Just to start out, I should point out that I leave my car outside at home because we have what appears to be a 1.95-car garage. Since the sun comes up on that side of the house, I haven’t had to scrape my car in the morning after light frosts, because the ice has already melted.
Now, to get sappy. :)
When I went out to the car this morning, as usual the ice had melted and the water was rapidly steaming off the roof of the car. It’s always interesting to note, but I hadn’t really seen it until this morning. As I started to get into the car, I turned my head and saw sunlight filtering through wisps of steam rising off the car, diffuse threads intertwining and dancing to the increasingly chaotic motion of the molecules, only to disappear from my vision a few inches from the pool of mist and reflective water that created them.
I wanted to capture the image. A photograph – at least as taken by me – wouldn’t convey the dynamic nature of the sight. Video? Maybe, but I couldn’t imagine seeing it in two dimensions and ever feeling the way I did then.

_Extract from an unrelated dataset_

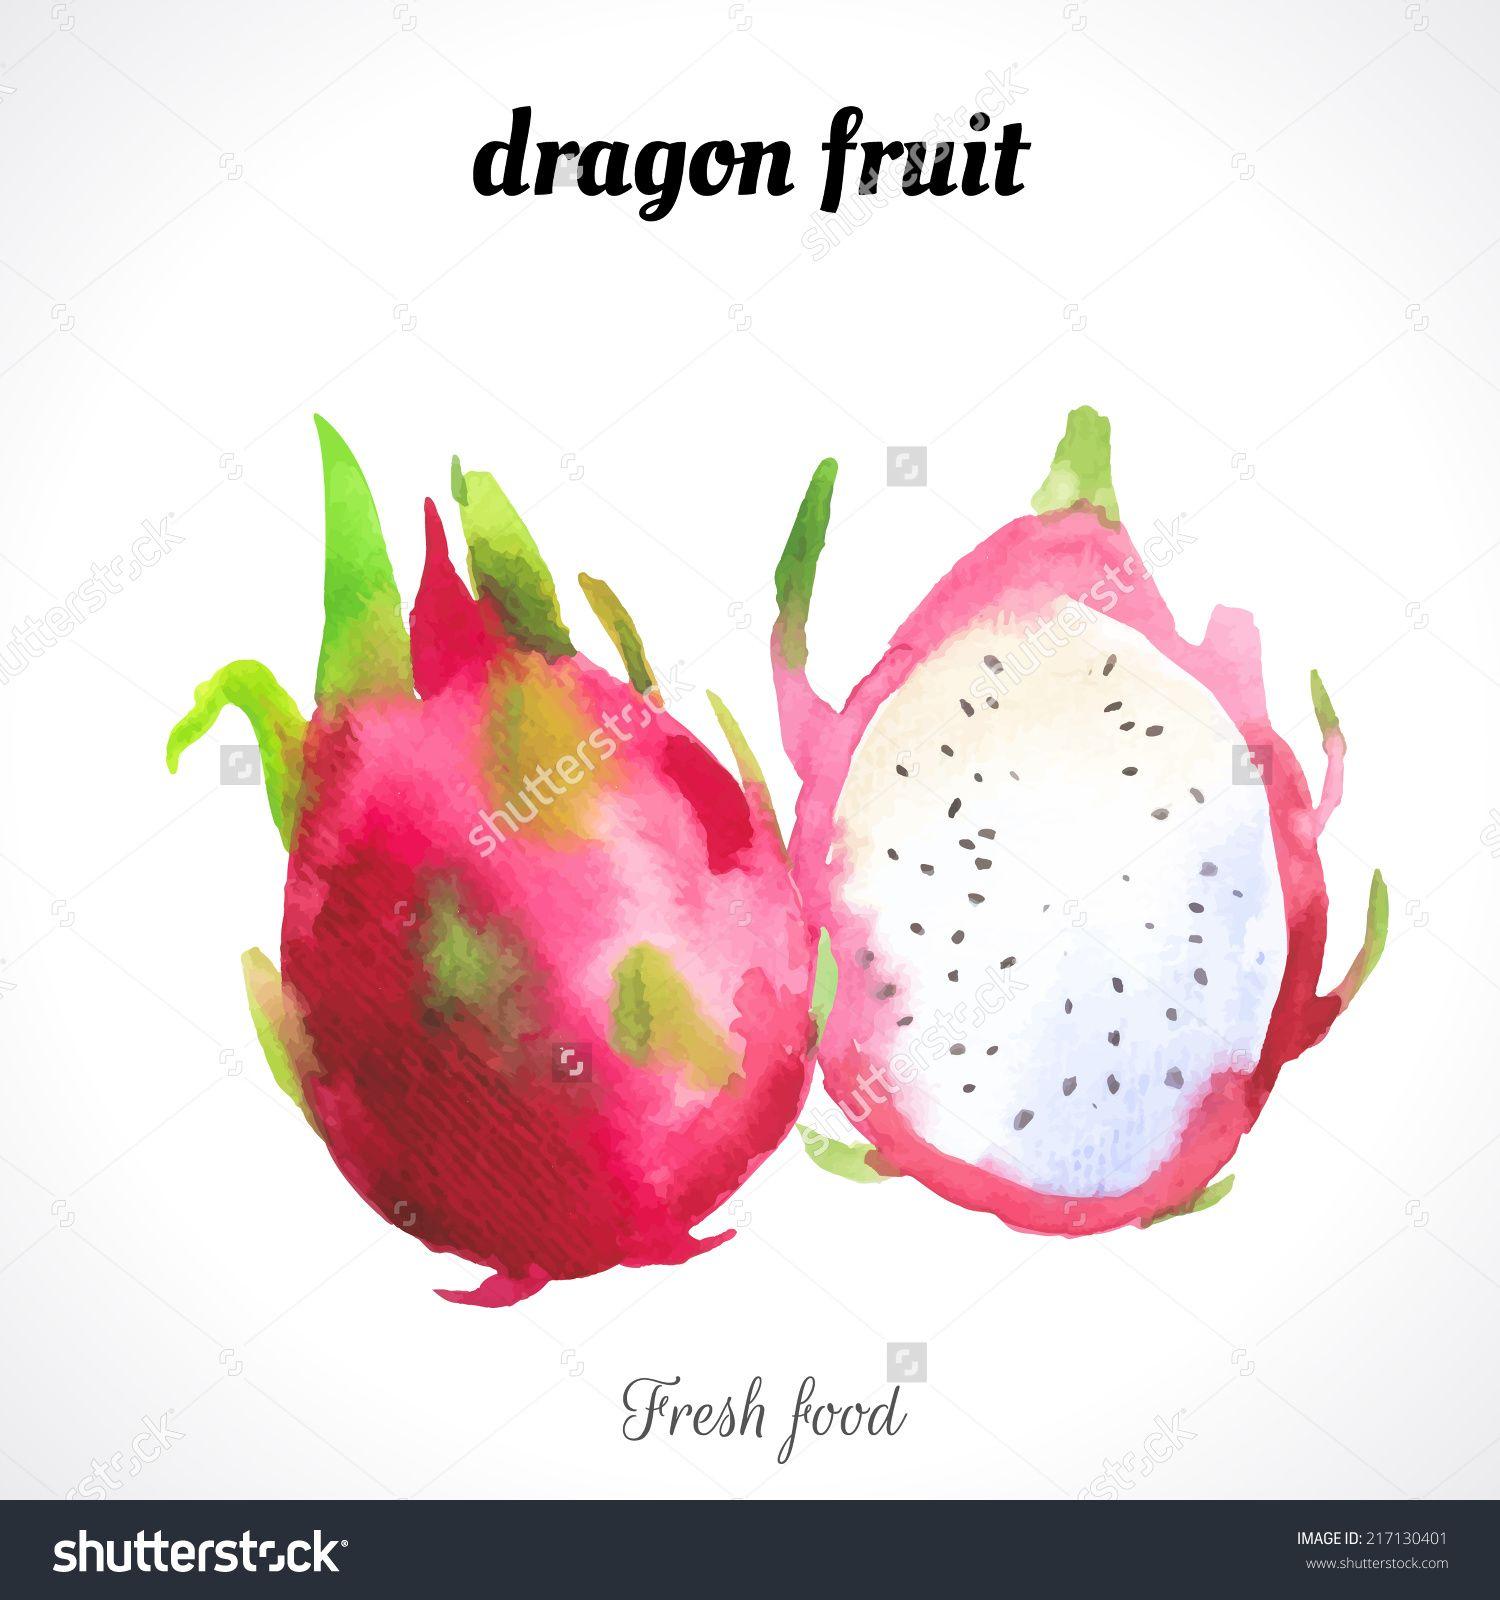 Watercolor Dragon Fruit Provencal Style Recent Watercolor

Then it hit me, which is a pretty impressive feat while I’m dragging my way out to the car in the morning. While there were many ways to try to record the image, there was no way besides memory to capture what really made it special: That first rush, the stunning sensation of seeing something new and beautiful, and having your world focus on that instant, yet open up far beyond where you were just before.
It’s good to have those moments. Memory may be ephemeral, but I know from it that seeing Saturn through a small telescope, looking down at squares of farmland from an airplane, watching a plastic bag in American Beauty, seeing my wife walking through the doors of the chapel the day of our wedding…those are the moments that I changed, and got to be a little bit better, even in just a small way.